Une fois de plus, j'éprouve quelques difficultés à me lancer dans la rédaction d'une nouvelle entrée. J'ai déménagé vers une nouvelle table, au café, espérant que cela donne un coup d'envoi à ce rude mais hygiénique exercice qu'est la production blogatoire. Le prétexte « socialement sous-entendu » du déménagement ? Le raccord du iBook à une prise de courant. La véritable raison? L'abandon d'une table offrant mon écran aux regards d'un couple à la conversation pour le moins sous-alimentée. C'est un peu ridicule/paranoïaque, mais j'avais l'impression constante que, pour se désennuyer, ils jetaient de temps à autre un coup d'oeil en ma direction — plus précisément, vers l'écran de mon ordinateur, théâtre d'événements autrement plus passionnants que leur rencontre au sommet. Résultat? Blocage d'inspiration chez votre humble serviteur. Le soulagement était donc grand lorsque la table donnant accès à une prise de courant s'est libérée, puisque celle-ci est commodément située à l'abri des regards inquisiteurs. Mais — il fallait s'y attendre — cela n'a pas suffi à sortir de leur sommeil les muses blogatoires. La pression s'accentue puisque, l'air de rien, la fermeture du café approche; rien pour faciliter un épanchement naturel de contenu blogatoire 100% pur jus.

Plusieurs jours passent. (— Non! — Si, si, je vous assure!)

Retour à la même Bat-table, avec le même Bat-iBook.

[Hhhhhhh...] Emplissons nos poumons d'un air que l'on esp-ére tonifiant (et puis [...Hhhhhh] désemplissons-les, question de ne pas faire exploser quelque gugusse vital dans notre cage thoracique...).

Pour expliquer les raisons-du-pourquoi-de du silence blogatoire, je vous invite à plonger — avec moi — dans l'Histoire d'un Parcours (laisser traîner nonchalamment ce dernier mot pour obtenir le plein effet).

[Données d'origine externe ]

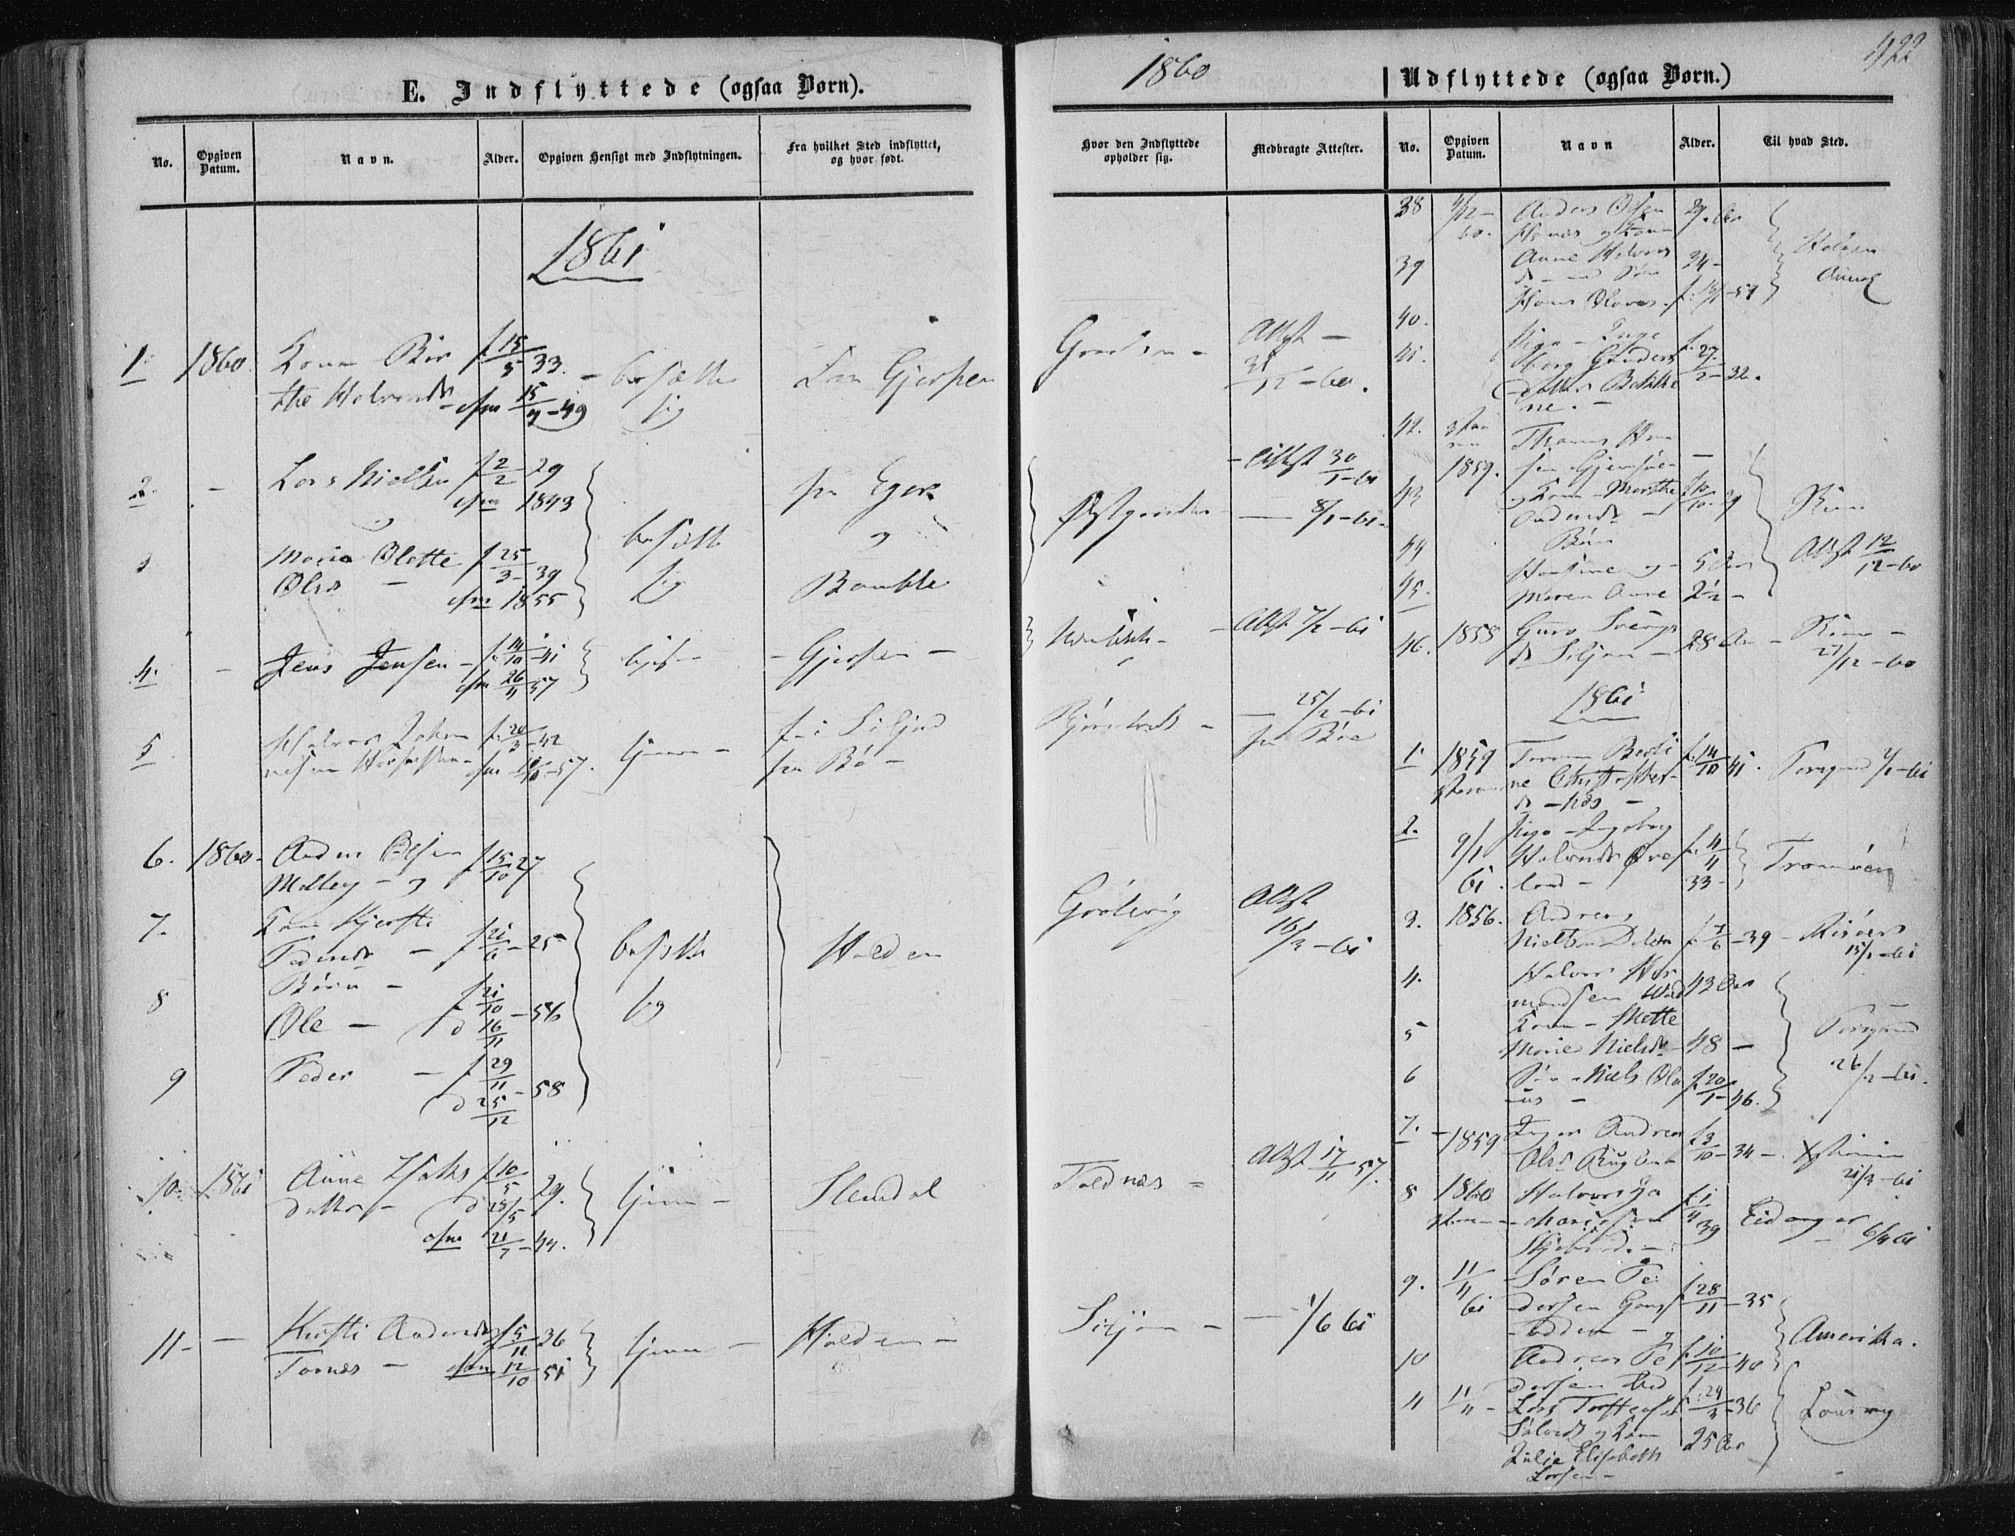 SAKO, Solum kirkebøker, F/Fa/L0007: Ministerialbok nr. I 7, 1856-1864, s. 422

Dans le dernier épisode (qui remonte à encore plus loin que ce que je croyais...), je dressais une petite liste de tâches à accomplir (et Jack déshéritait Crystal, souvenez-vous-en). Tout en haut de cette liste figurait le projet de peaufiner «mes» fauvettes (paradoxalement l'oiseau qui prend le plus d'espace dans Le Loriot, de Messiaen). Vous serez peut-être déçus d'apprendre que ce peaufinage n'était pas exactement un geste désintéressé, une pure envie d'émuler au mieux des capacités humaines le noble sylviidé, sans dessein latent. C'est pourtant la triste vérité.

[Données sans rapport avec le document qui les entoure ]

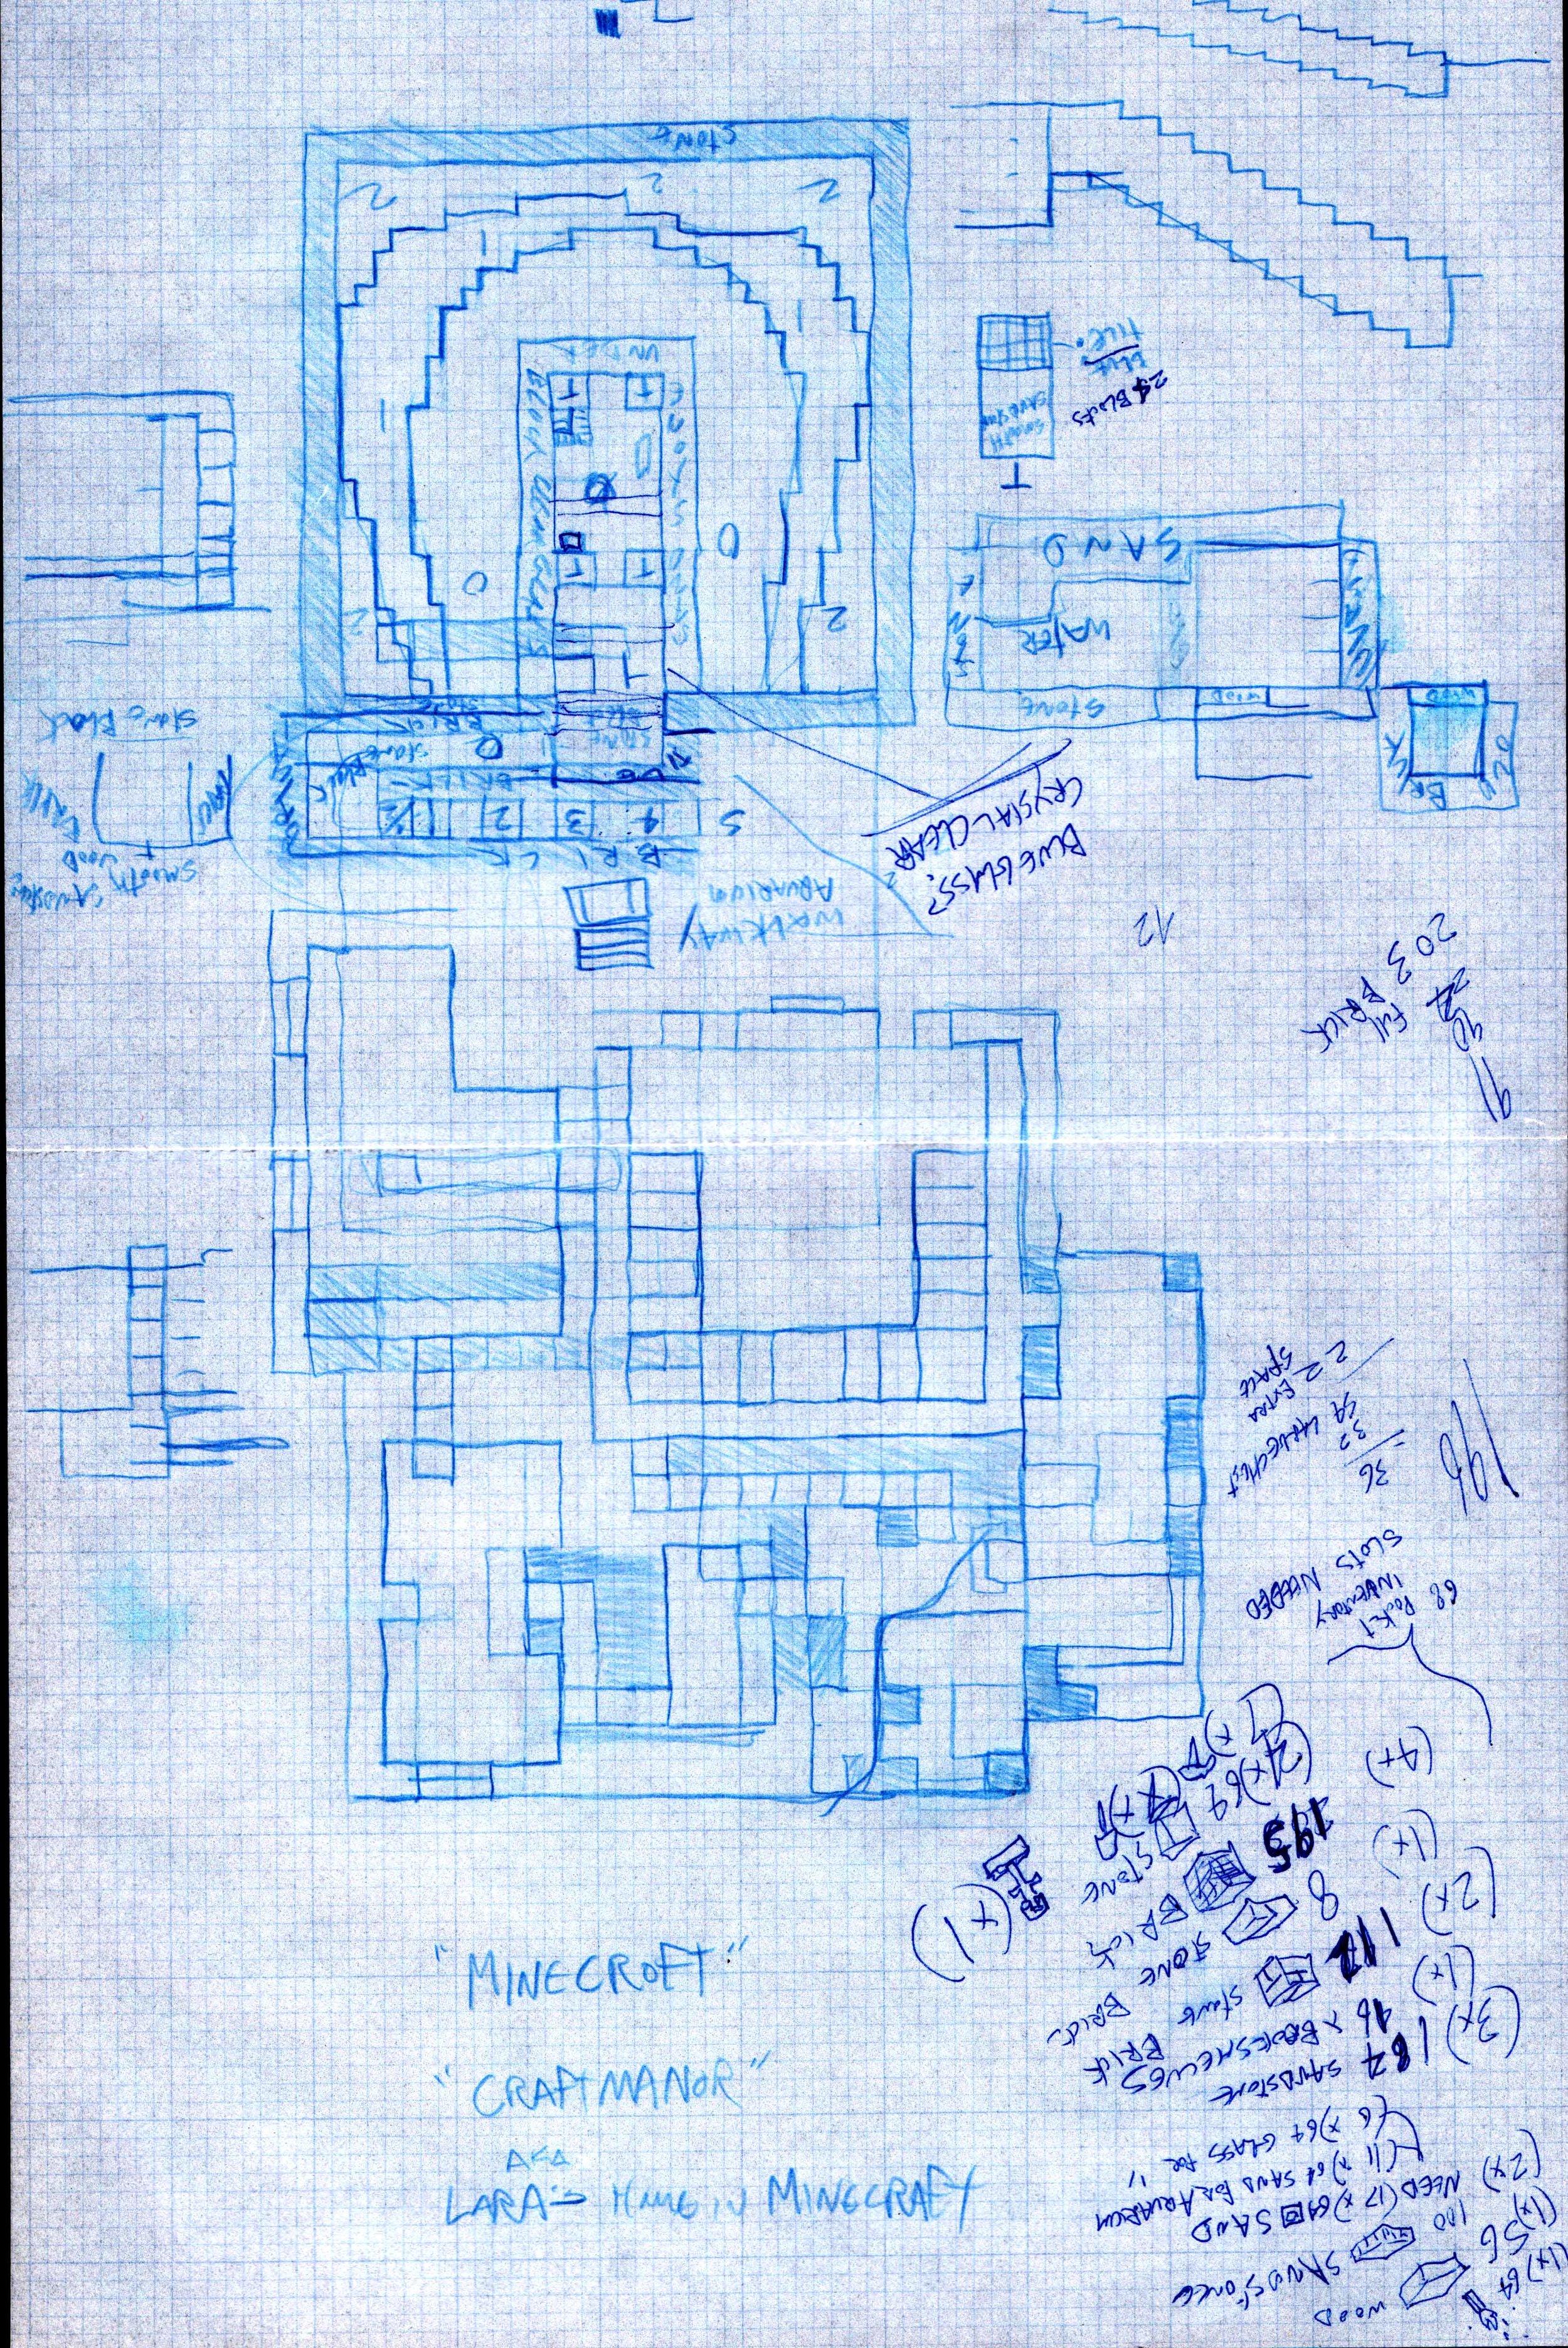 MinecraftManor 1.0 Floorplans.jpg

Le travail sur le zinzinulement (je n'invente pas, je vous jure) de la fauvette s'effectuait en vue d'un concert de classe (ici appelé une audition). (Aussi, je composais avec une nouvelle approche « pédalistique » du duo de fauvettes. Mon prof avait avancé l'idée que l'indication « mettre très peu de pédale » de Messiaen pouvait possiblement être interprétée comme une consigne d'appliquer constamment un halo très subtil de pédale [alors que je n'en mettais pour ainsi dire aucune]; je ne suis toujours pas convaincu de la rectitude de cette interprétation, mais je dois avouer que le résultat sonore est tout à fait intéressant. La pédale lyonnaise à l'oeuvre...)

Durant cette période, j'avais pas mal de difficulté à avoir un local pour travailler... et lorsque j'en obtenais un, mon bras ne manquait pas de me signaler qu'il ne tolérerait pas des tourments prolongés. Malgré cela, j'ai réussi à faire un travail décent sur les fauvettes; par contre, jusqu'au dernier moment, j'éprouvais une sérieuse frustration du fait je ne zinzinulais toujours pas à la hauteur de mes ambitions — le travail ne semblait pas réellement porter fruit. C'est donc avec surprise, soulagement et satisfaction (la réaction connue sous le sigle serpentin de SSS) que j'appréciai l'ultime résultat de mes efforts — une prestation plutôt décente.

Une fois cette « première priorité » [sic, dixit Charest] évacuée, je devais m'atteler à celle qui lui succédait — Donatoni. Ou Françoise. Comme dans Françoise Variationen, de Donatoni.

L'idée était la suivante: le Conservatoire invite un pianiste, (Jay Gottlieb, un Américain qui va souvent au CNSM de Paris), celui-ci donne un concert Berio/Donatoni... et le lendemain, un cours de maître sur des oeuvres de ces deux compositeurs est tenu. Comme les pianistes ayant à leur répertoire une pièce d'un de ces Italiens ne courent pas les rues ni n'arpentent les corridors du Conservatoire, il a fallu lancer un appel au dévouement (les mauvaises langues diraient « de détresse »). Ceux qui avaient déjà touché à une oeuvre de Berio/Donatoni étaient évidemment les premiers conscrits; en seconde ligne s'alignaient ceux qui, un jour ou l'autre, avaient manifesté quoi que ce soit qui puisse être interprété comme un intérêt — enfin, « une absence de dégoût » représenterait peut-être plus fidèlement la réalité — envers la musique contemporaine.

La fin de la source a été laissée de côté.